CM: You’ve only got one show scheduled in Austin this spring, a record release party at Red 7 on March 19. Any particular reason why?

SB: I love playing in Austin, but we’re trying to rein it in so that we’re not doing it as much as we used to. I don’t want to wear out my welcome in my own hometown [laughs]. My friend Luke’s mom, Marcia Ball, once told us that you can either be famous outside Austin or in Austin — but you can’t be famous in both places. I made it my personal agenda to try and be famous in both places.

CM: Marcia might revise that sentiment now that Austin has grown so exponentially. Your thoughts?

SB: Well, I guess it’s all been downhill since they tore down the Armadillo [World Headquarters] in the early ‘80s [laughs]. And I’m only kinda joking … I love this town with all my heart, but I’m not sure I can find any good changes right now. I’m sitting here on Lamar looking at a condo. Burnet Road looks more like South Austin these days than South Lamar does. It’s too bad about the sound ordinance problems, too, but this town does treat its musicians as an asset. HAAM [Health Alliance for Austin Musicians] and the SIMS Foundation are definitely a plus. The festivals are getting a little crazy … but I’ll still attend ‘em [laughs].

CM: Do you think younger bands can succeed following the kind of strictly DIY route that you pursued?

SB: It’s definitely still an uphill battle, but it’s more possible now because of the Internet. When I first started, we didn’t even have email. You had to call a promoter at either 2 pm or 2 am. Now we have websites and all this Kickstarter stuff. The big question mark is, "Are record labels going to last?" "Is there even a need for them, or can everybody put out their own music?" Any band can do well on their own as long as they put their mind to it. A lot of people think checks and tour buses fall into your lap, but let me tell you — from my experience, that is definitely not the case. I learned a lot doing managing myself. Once I ended up with outside booking agents and labels, I knew what to expect and how to avoid getting ripped off.

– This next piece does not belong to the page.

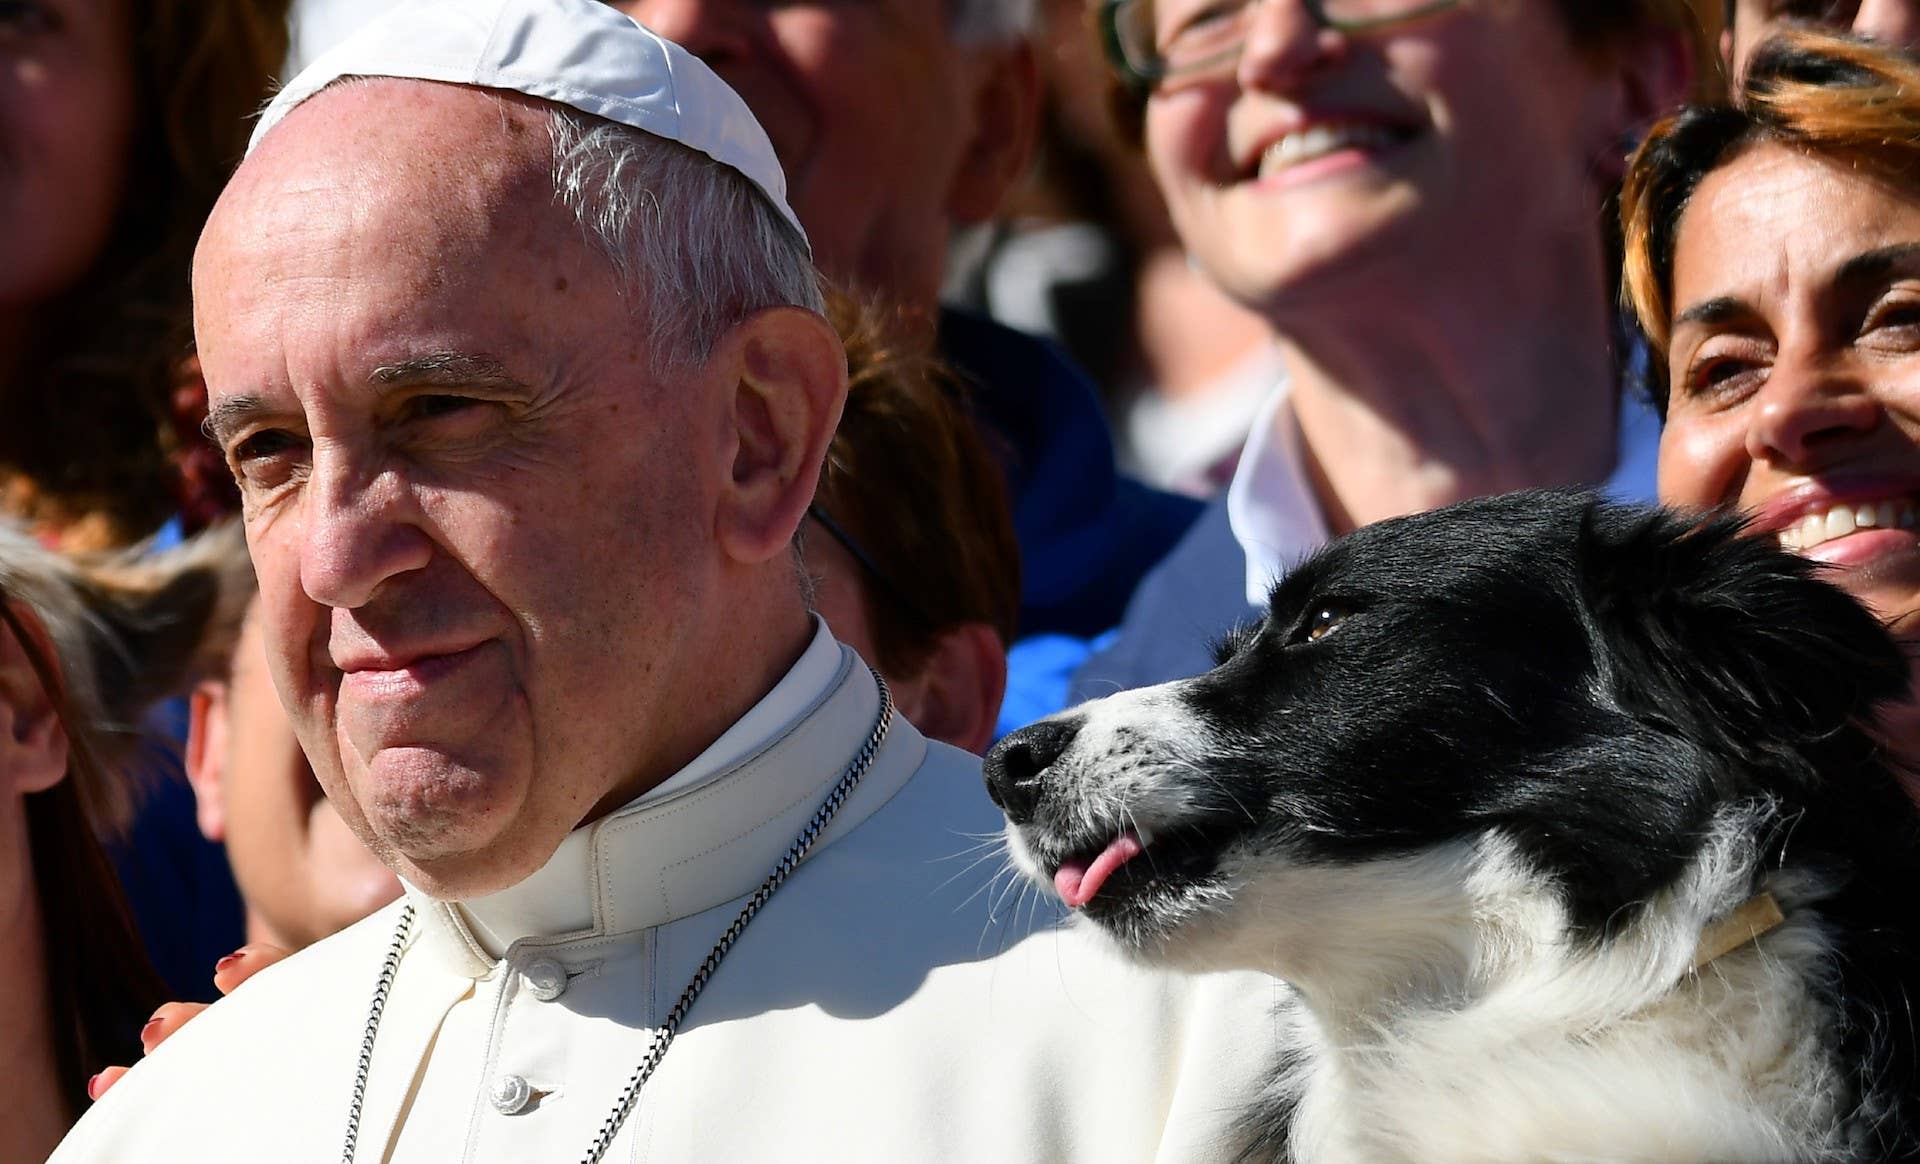 The Pope says thing about animals

CM: What were you listening to at home in Austin before you left on tour?

SB: All over the map. Old Muddy Waters one moment, Steely Dan the next ... I saw Steely Dan a couple of months ago and then turned around and saw Iron Maiden the next week. One contemporary band I enjoy is Goddamn Gallows. As a string band, they’re giving roots music a harder edge. Also, as an aspiring music producer and engineer, I don’t close myself off to crappy pop music — mostly just so I can analyze production techniques. I’m a lo-fi musician that goes for a gritty sound, but I want the knowledge of how to make pop music clean and pristine. Not that I approve of pop music [laughs].